SAN FRANCISCO (CN) - San Francisco is trying to use landlords to fix its affordable housing problem, the lead attorney challenging the city's rent ordinance as unconstitutional said outside the city's Federal Courthouse on Monday.
"It's everyone's job to fund the affordable housing programs in this city and not foist it on the backs of property owners," J. David Breemer said.
His clients are Daniel and Maria Levin, a couple who, under a law allowing them to get out of the rental business, must pay their tenant $117,000 to move out of the two-unit building they bought in 2008.
The Levins say they never wanted to be landlords and immediately informed the woman, who had been living in the first-floor unit since 1988, that they planned to remodel the building and use both units themselves.
The Levins moved into the one-bedroom top floor unit, and after the tenant protested their attempts to remodel, the Levins decided to take the ground-floor apartment off the rental market, through the 1985 Ellis Act, which allows landlords to evict tenants if the landlord wants to get out of the rental business.
The Levins claim they paid the tenant, Thina Holman, $8,000 under old tenant payment laws.
But under a San Francisco ordinance that took effect in June, now they must pay her the difference between her old rent of $2,479 a month and the price of comparable housing in the city for two years.
Co-plaintiffs in Levin's case include Park Lane Associates, which owns a 33-unit building, the San Francisco Apartment Association, and the Coalition for Better Housing.
Park Lane claims it will have to pay the tenants of 15 of its units more than $1.4 million.
As the trial began Monday, U.S. District Judge Charles Breyer said he wanted additional briefing from the city on whether its goal in enacting the ordinance of helping renters find housing in an increasingly expensive market justifies the means in requiring landlords to pay tenants massive amounts to vacate their property.
Breyer said the Nollan-Dolan test is central to the case, and that the city has not addressed its merits, calling the test, "a serious challenge to the ordinance."
Under Nollan-Dolan, to survive a challenge under the Takings Clause, the ordinance must have an essential nexus to a legitimate public interest and be roughly proportionate to its impact.
Breemer said: "The specific legal question has to deal with this means-end question.

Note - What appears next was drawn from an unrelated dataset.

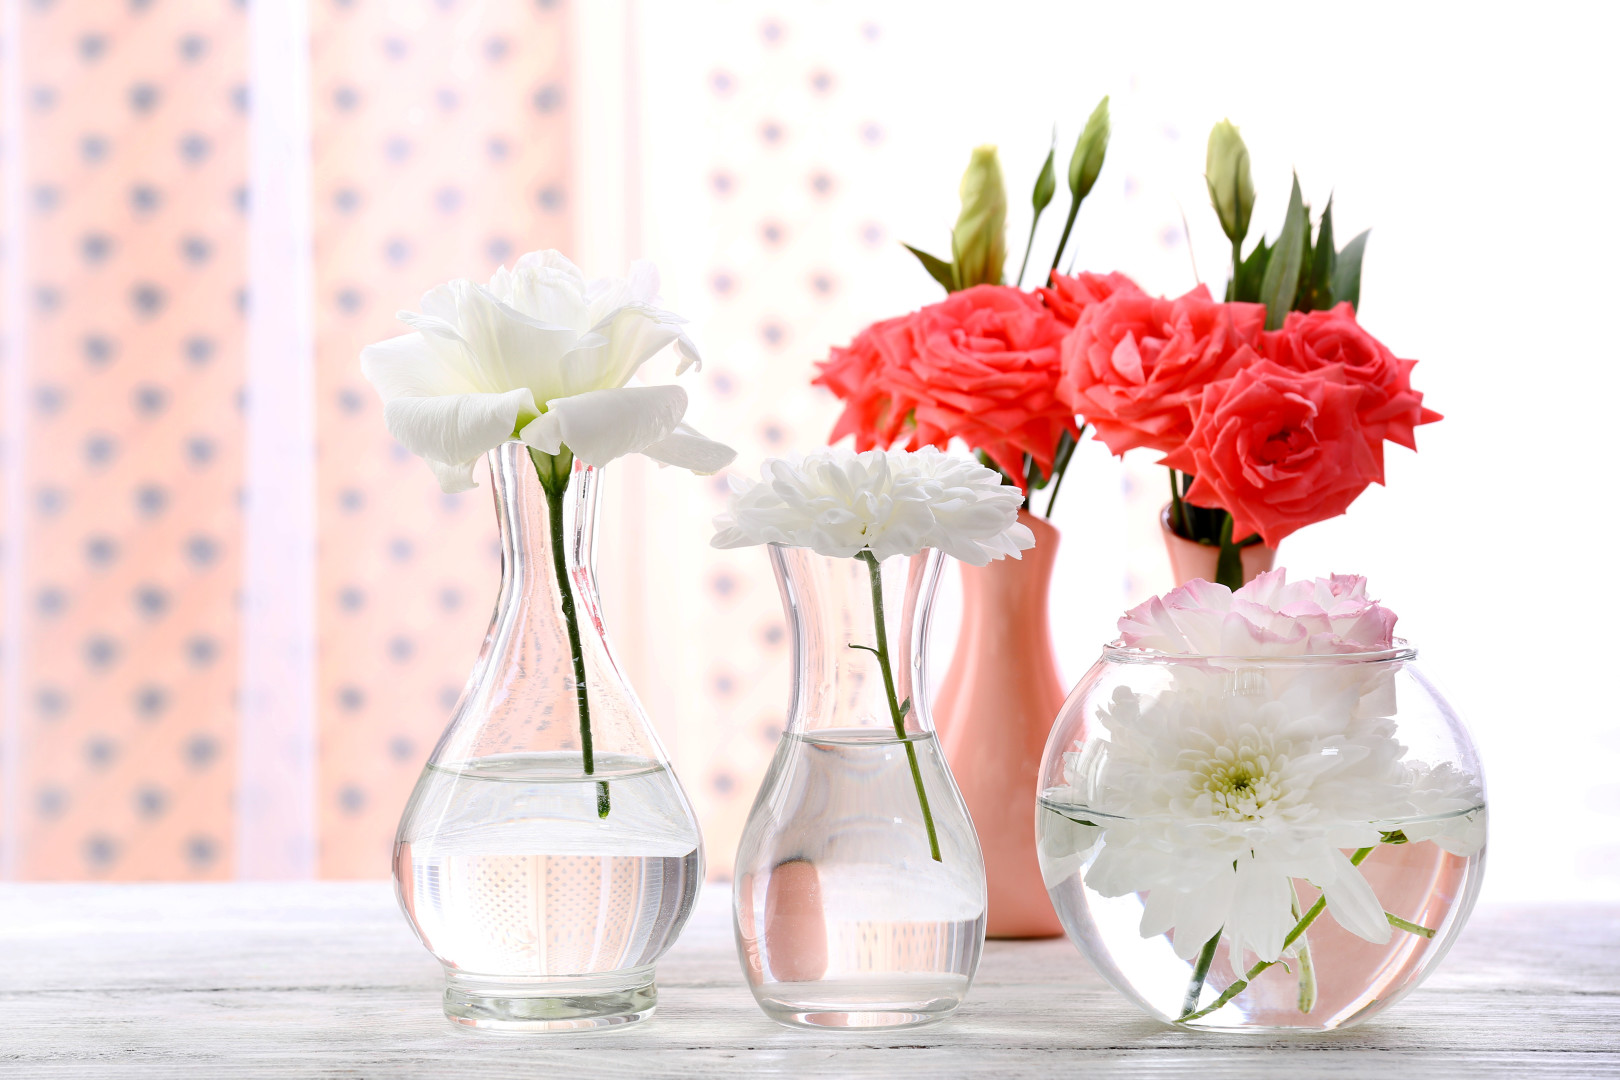 Welche Vasen passen zu welchen Blumen?

Assuming it advances a legitimate purpose, are the means appropriately tailored to the end?"
Arguing before Judge Breyer on Monday, City Attorney Christine Van Aken said the ordinance is helping to mitigate the loss of rent control on tenants, a direct impact of the Ellis Act.
"When a landlord evicts a tenant, he or she is removing from that tenant the protection of rent control. The landlord is exposing those tenants to market rates. San Francisco has said to landlord you must at least mitigate two years of that impact," Van Aken said.
Breemer countered: "The only direct impact is the tenant must find another place to live."
Breyer said: "They're saying more than that; they're saying the tenants are losing rent control. The tenant loses the protection of rent control."